It was Thursday, 20 December 2012. It was
evening and a few hours before midnight. Doomsday, as allegedly predicted by
the Mayans, was slowly approaching. According
to a Reuters global poll, one in 10 of us was feeling anxiety about 21 December. Despite many assurances that
the Mayans never predicted the end of the world but a new beginning, everyone
was just waiting to see if anything will happen.
Among many scientifically proven possibilities in which the
world would end, there were a super volcano, asteroid accident, comet collision
and suicidal supernova. If anything was
to happen that day, no one had an idea what it was going to be.
The Russian Minister of Emergency was forced to issue a denial
that the world will not end. In a Village in the south of France, authorities
barred access to a mountain where some believed an Unidentified Flying Object
(UFO) would come to rescue them. Back
home in my living room, the family was glued to the TV screen and our daughter
was so scared she kept saying “My God” after every few minutes. Her breathing was laboured.
However, some people just laughed it off. “It’s not going to
happen because the bible says no one knows when the end will come.” Some
websites were created specifically for Mayan Doomsday jokes. One website wrote,
“with the Apocalypse upon us, everyone is making end-of-the-world jokes like
there is no tomorrow. You might as well die laughing with our round of the
funniest Mayan Doomsday memes, cartoons and Tweets”.

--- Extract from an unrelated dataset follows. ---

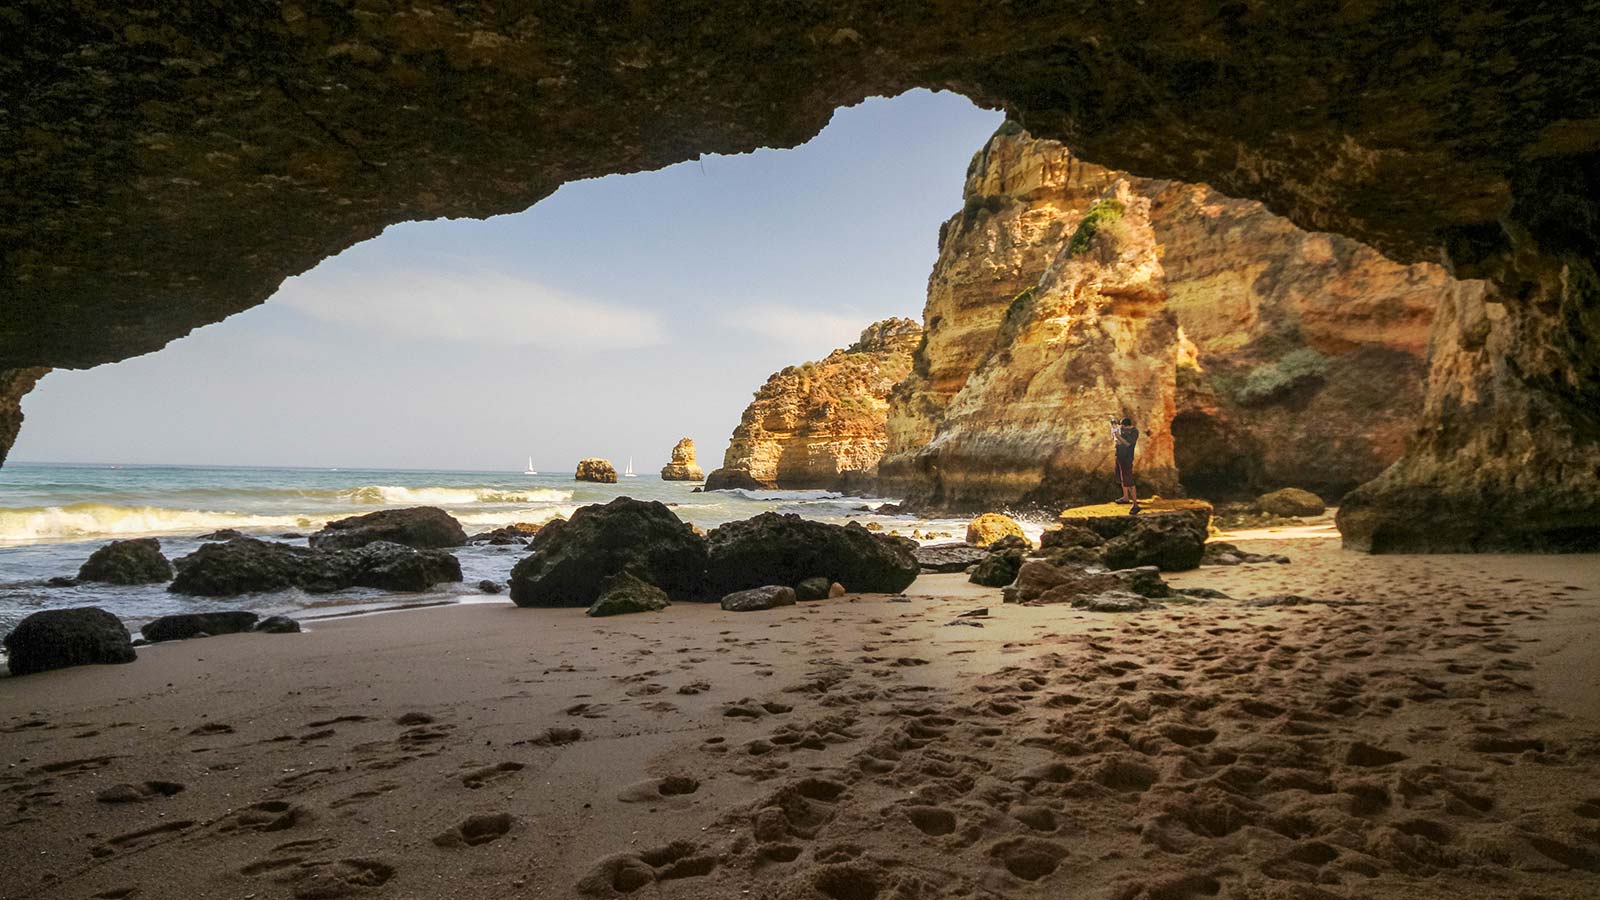 Algarve Beaches: Beach Bums and Sea Caves

Social networks were abuzz with updates and comments. Most
of these were on a lighter note.
One thing that caught many people’s attention during this
period was the National Geographic TV series, Doomsday Preppers. Although these Preppers prepare themselves for
urban jungle survival skills,
food production skills,
an electrical grid failure, financial
collapse, earthquakes, economic collapse, and maybe even a Zombie attack, most of them even prepare for
larger events like the earth colliding with an object from out of space or the
shifting of the earth’s polarity.
Watching these programmes made most
of us start asking questions.
“What if these guys are right?”
“Do they know something we don’t?”
“Is it possible to prepare for an unknown
catastrophe?”
Well, 21 December came and passed without any
event. The world as we know it was still there. There was no doomsday. It was
not a surprise to many people but there may have been others who were disappointed
that it never happened. There were some people who seriously believed that the
world would end on that day and they left their jobs and families to spread the
word. These surely must have been disappointed.
December 21,
2013 is not the only date that has gone into history as a day when Doomsday
failed to happen. There have been other dates in history when earth was under
the same “threat”. In 1910 astronomers
discovered that earth would pass through the tail of a comet. This created
hysteria because some people believed a poisonous gas would penetrate the
atmosphere and end life on earth. This comet
was Halley’s Comet.
In 1954, there was a
woman named Dorothy Martin who started telling people that there was going to
be an apocalyptic flooding on 21 December. Ironically, the date and month is
the same as that of the 2013 doomsday prediction. This lady said she was receiving
messages from aliens and that these same aliens were going to send a space
craft to rescue believers from her cult.
In July 1999, the world was also supposed to end. This was
according to Nostradamus’ prediction that a King of terror would come from the
sky and destroy earth. Then there came the all too familiar Y2K. It was believed that computers programmed with
two-digit years rather than four would revert to 1900 rather than rolling to
2000 and that this programming error would trigger a nuclear war.
We may have pulled through all these events with a laugh but
does this mean nothing can ever happen to our planet? The way I see it, next
time someone warns us of a pending doom, we shall not take it seriously and
refer it to 21st December, 2012. Doomsday Preppers believe something
is coming. They believe we have to
prepare how to survive on a changed world. What if they are right?